As we watched the transformation from an egg to a living, breathing bird, I was acutely aware of how much God cares for His creation.  After it hatched, that baby bird’s every need was met.  His mother protected him in the storms by sitting upon his nest, and his father would sound an alarm if any threat of danger was near.  His father also faithfully brought food to the nest so the bird would be well nourished.  Over a period of about two weeks, the bird continued to grow and develop until it was strong enough to fly away. 

As I witnessed this miracle, it brought me a sense of a peace.  You see, my husband and I are currently in the midst of our 2nd international adoption.  We are on a waitlist for a precious little girl in Ethiopia about whom we have no information yet are completely in love with her.  Seeing how much God cared for that baby bird reminded me just how precious life is to our Creator.  If He was willing to go to that length to ensure that bird’s needs were met, how can I not trust that He holds our daughter in His perfect wings of protection.  During those two weeks, the words from a hymn I truly love kept coming to mind:

His eye is on the sparrow and I know He watches me

I am not saying the wait is easy, but it is comforting to know that my daughter is well taken care of until she is forever home in our family.  To those of you who are waiting for that precious child/children that God has hand picked for your family, may you be encouraged by the little miracles that remind you God is in control and therefore, we can put our worries to rest.

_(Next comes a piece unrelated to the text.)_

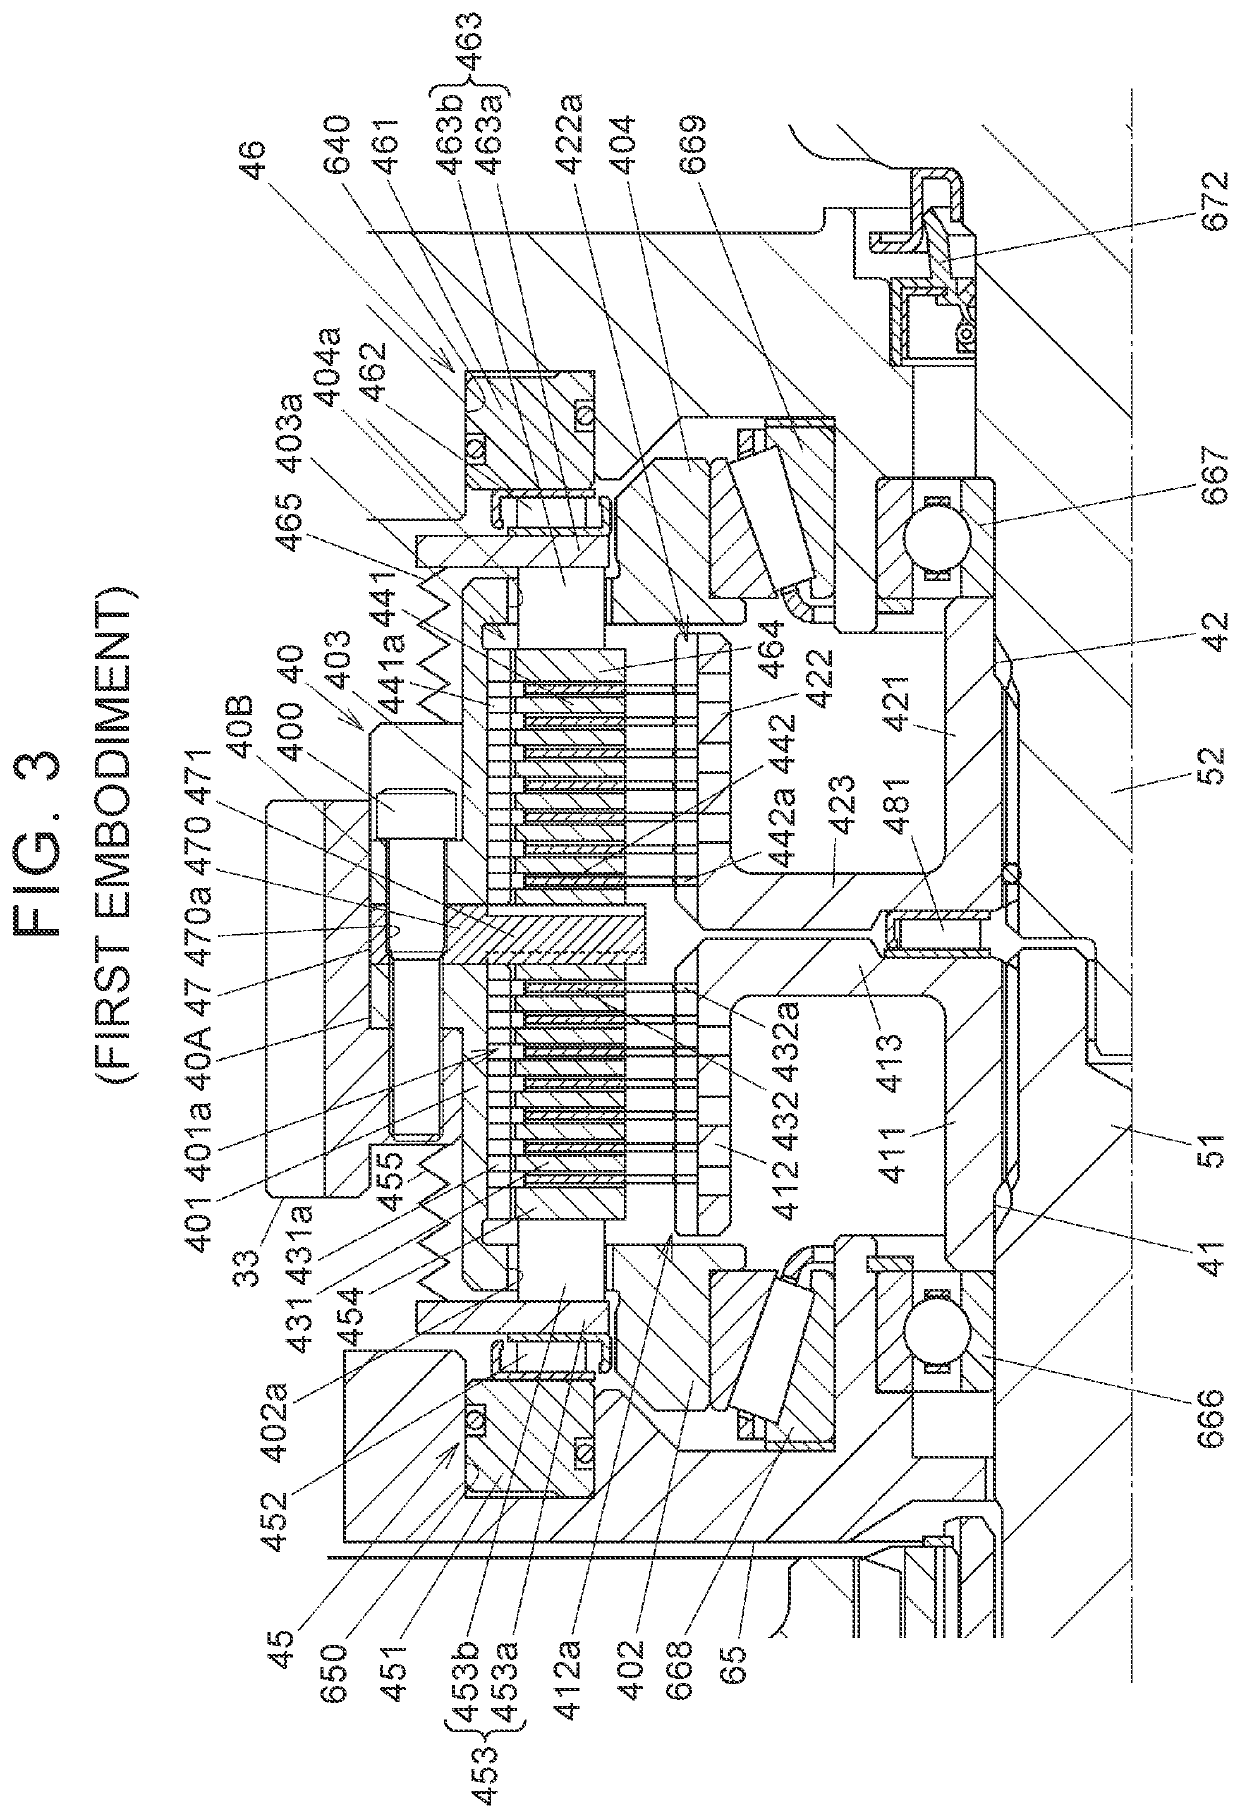 Driving force distribution device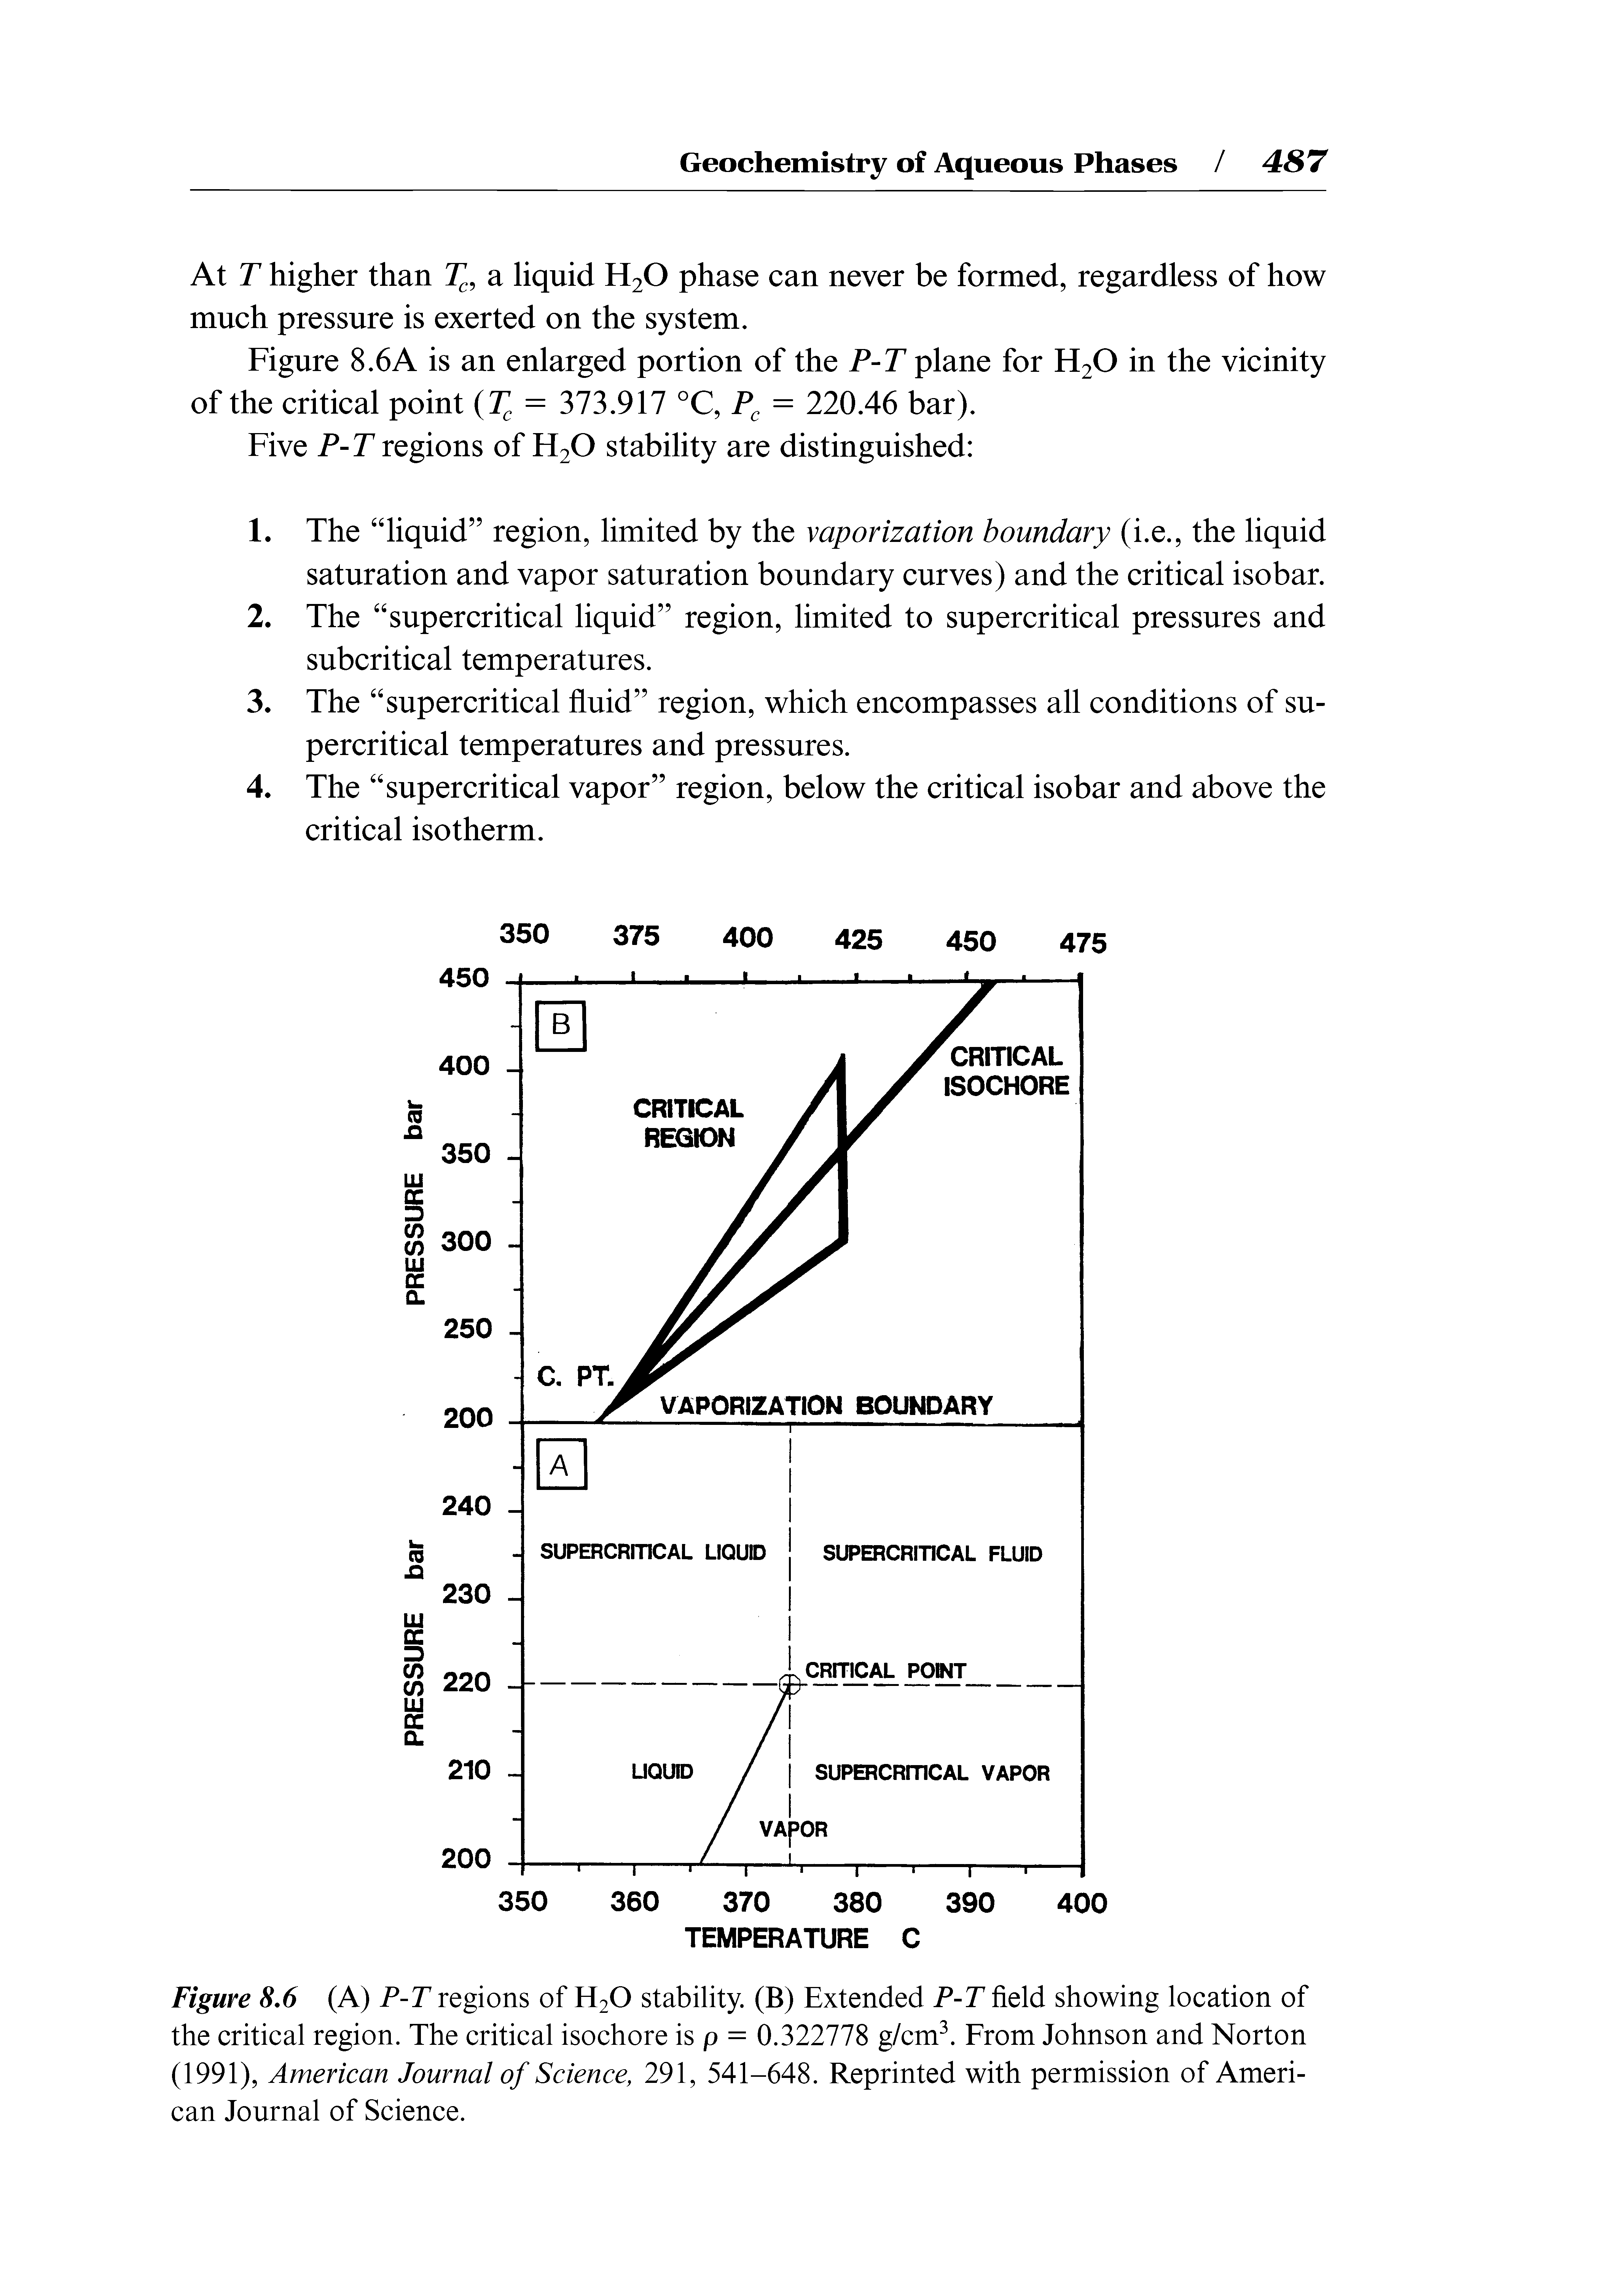 Figure 8,6 (A) P-T regions of H2O stability. (B) Extended P-T field showing location of the critical region. The critical isochore is p = 0.322778 g/cm. From Johnson and Norton (1991), American Journal of Science, 291, 541-648. Reprinted with permission of American Journal of Science.

29 Are not two sparrows sold for a penny? Yet not one of them will fall to the ground outside your Father’s care.[a] 30 And even the very hairs of your head are all numbered. 31 So don’t be afraid; you are worth more than many sparrows.  Matthew 10: 29-31

Wednesday, June 29, 2011

Positive adoption language

My husband and I have two daughters both adopted domestically. To say they are the greatest blessing this earthly life has offered us is an understatement. I am in awe of the wonder of how God made my family and brought us together through the miracle of adoption. It was no accident, rather it was His awesome and perfect plan since the beginning of creation. In the last few years I’ve experienced enormous support from loved ones, and for that I will forever be grateful. But I’ve also encountered many thoughtless comments and potentially damaging remarks regarding adoption. Although these conversations are well-intentioned, they invoke a guarded posture within me as if I must fight to defend the legitimacy of my family. Our culture is one that seems to place a higher value on genetics. It suggests biological families are somehow superior to those brought together through adoption. Strangers, friends, and even family seem to imply that adoption is risky, abnormal, and even second best. My hope in writing this is to shed light on the feelings of an adoptive mom while confronting common misconceptions in adoption. Below are some frequently asked questions regarding adoption.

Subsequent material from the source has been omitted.